MAF vs. IAF: MAF and IAF are, in a precise sense, inverses of each other. A MAF flow is fast at density evaluation (suitable for density estimation, variational inference, annealed importance sampling) and slow at sampling. An IAF flow is fast at sampling (suitable as a flexible approximate posterior in a VAE) and slow at density evaluation. Parallel WaveNet (van den Oord et al., 2018) used exactly this relationship: a teacher WaveNet (MAF-like) trained a student IAF for fast speech synthesis.

Coupling Layers in Depth

Coupling layers are the workhorse of practical normalizing flows. By restricting the Jacobian to have a block-triangular structure, they make both sampling and density evaluation fast — at the cost of requiring multiple layers with different masks to allow all dimensions to interact.

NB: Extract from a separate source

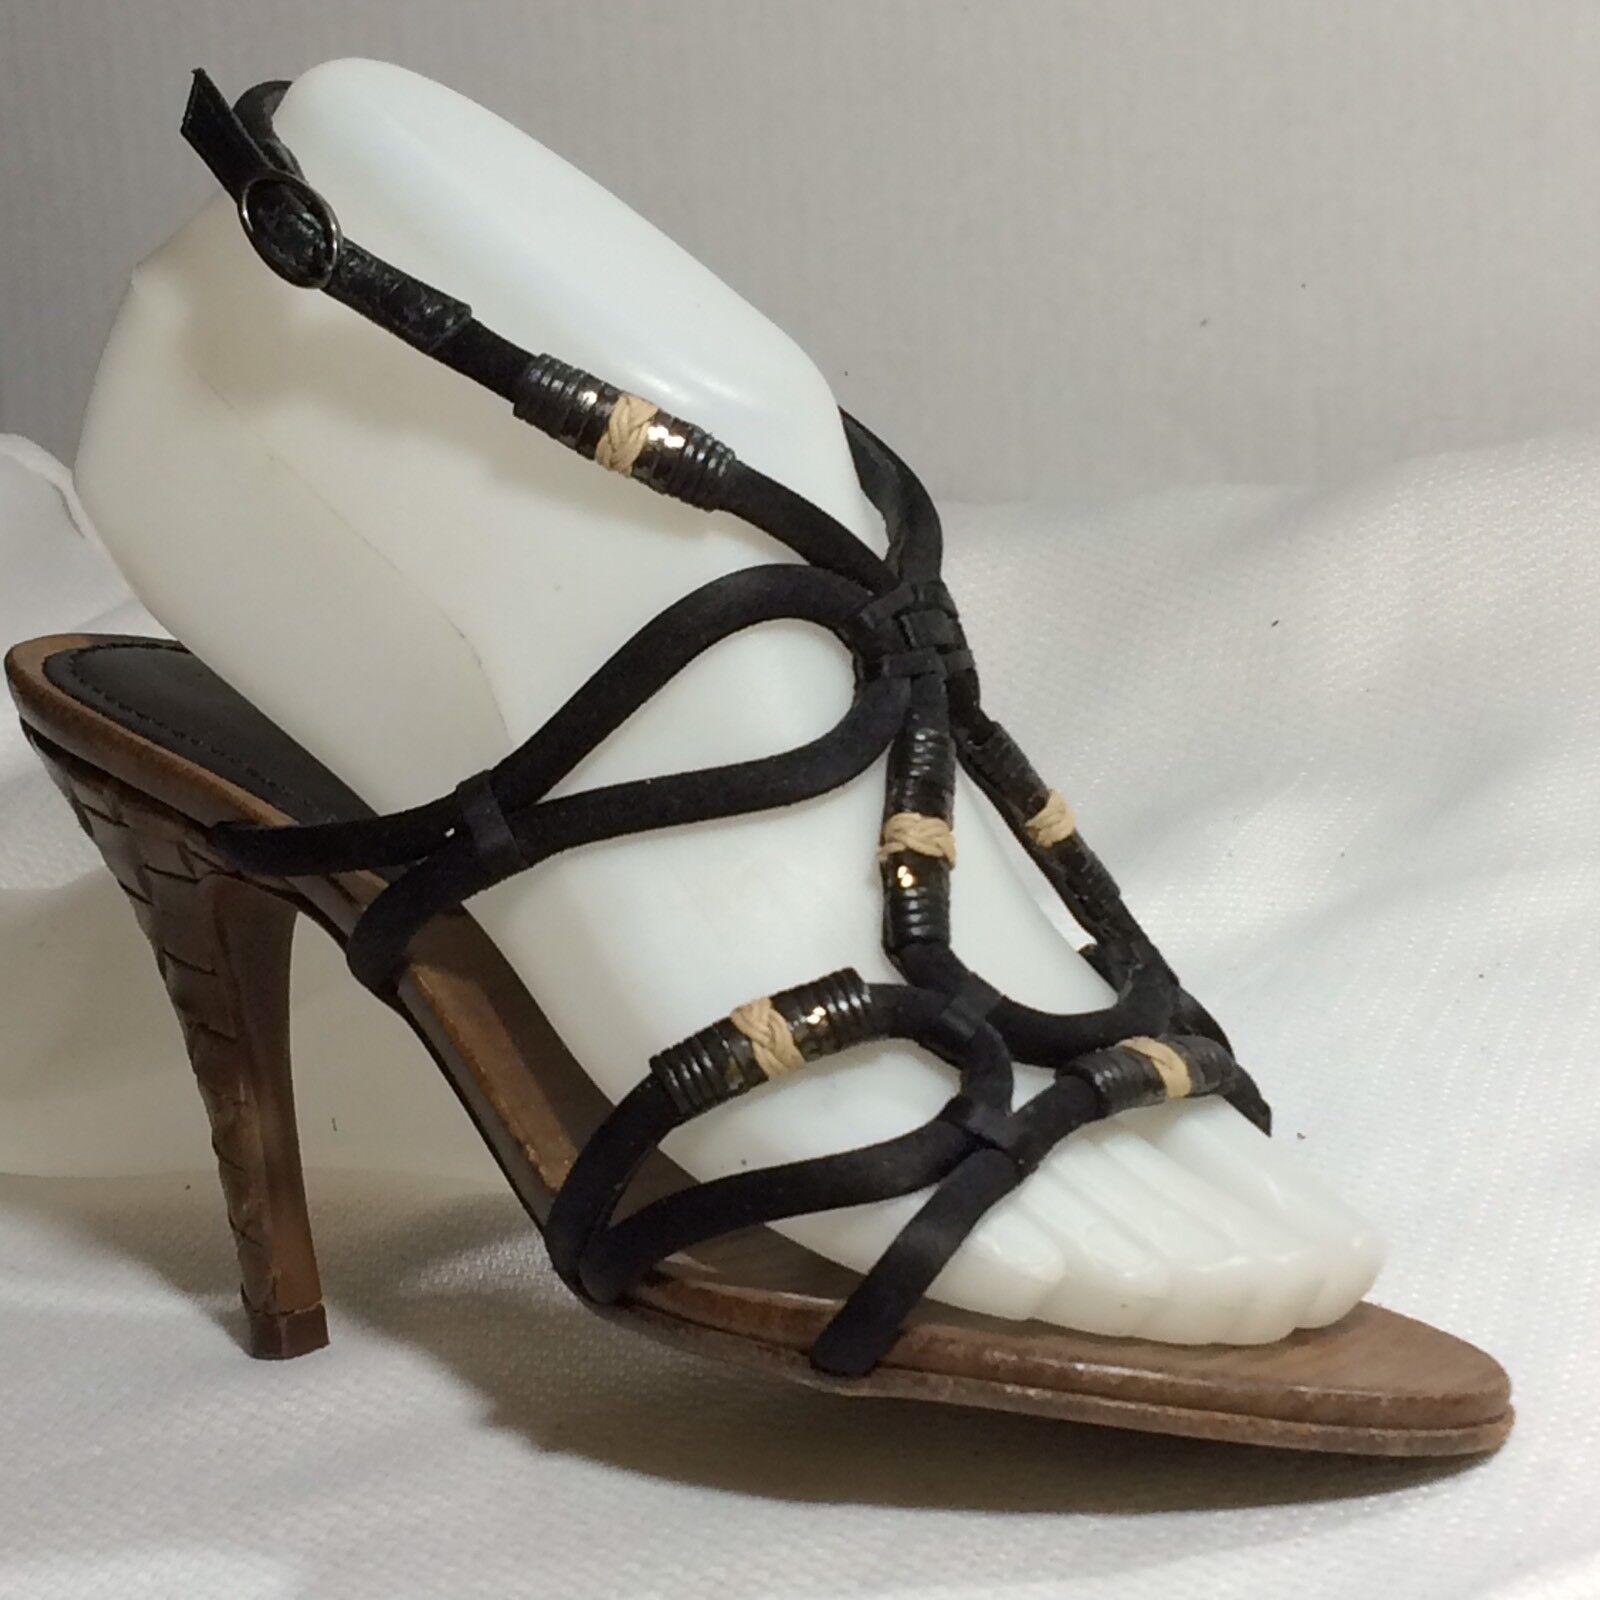 marchio famoso BOTTEGA BOTTEGA BOTTEGA VENETA Sandal nero Satin Leather Strappy Rope scarpe donna 5 M EUR 35.5  all'ingrosso a buon mercato

The coupling layer idea from NICE generalizes naturally to affine coupling layers, which replace the additive shift with an affine (scale and shift) transformation. Given input $z$ split into $(z^A, z^B)$:

$$x^A = z^A$$ $$x^B = z^B \odot \exp(s_\theta(z^A)) + t_\theta(z^A)$$

where $s_\theta$ ("scale") and $t_\theta$ ("translation") are arbitrary neural networks, and $\odot$ denotes elementwise multiplication. The inverse is:

$$z^A = x^A$$ $$z^B = (x^B - t_\theta(x^A)) \odot \exp(-s_\theta(x^A))$$

Crucially, neither direction requires inverting $s_\theta$ or $t_\theta$ themselves. The networks are used in the forward direction for both the transformation and its inverse — only the input changes. This means $s_\theta$ and $t_\theta$ can be arbitrarily complex (deep ResNets, attention-based networks, etc.) without increasing the complexity of inversion. The log-Jacobian determinant is simply:

$$\log |\det J_f| = \sum_j s_\theta(z^A)_j$$

the sum of the scale network's outputs over the $B$ components — computed for free as a side product of the forward pass. Both sampling and density evaluation are $O(d)$ in the number of network evaluations, making affine coupling layers ideal for large-scale models.

The expressiveness limitation and how to overcome it

The obvious limitation of coupling layers is that half the dimensions ($z^A$) pass through unchanged in each layer. Dimensions in $z^A$ are transformed by the scale and shift applied to $z^B$, but their own values are not changed. A single coupling layer thus only partially reshapes the distribution. The standard solution is to alternate which half is transformed: odd layers transform the first half, even layers transform the second half. With enough alternating layers and expressive enough $s_\theta$, $t_\theta$ networks, a coupling flow can approximate any continuous density to arbitrary precision (in theory). In practice, tens to hundreds of layers are used for complex distributions.

An alternative that avoids the strict partition is the masked coupling layer, which uses a binary mask $m \in \{0,1\}^d$ rather than a literal partition: $x = m \odot z + (1-m) \odot (z \odot \exp(s_\theta(m \odot z)) + t_\theta(m \odot z))$. This allows more flexible masking patterns — checkerboard patterns for images, for example — that can be more efficient than strict partitions.

RealNVP

RealNVP was the first flow model to produce convincing high-dimensional image samples, combining affine coupling layers with a multiscale architecture that progressively factored out dimensions rather than transforming them all the way to the final layer.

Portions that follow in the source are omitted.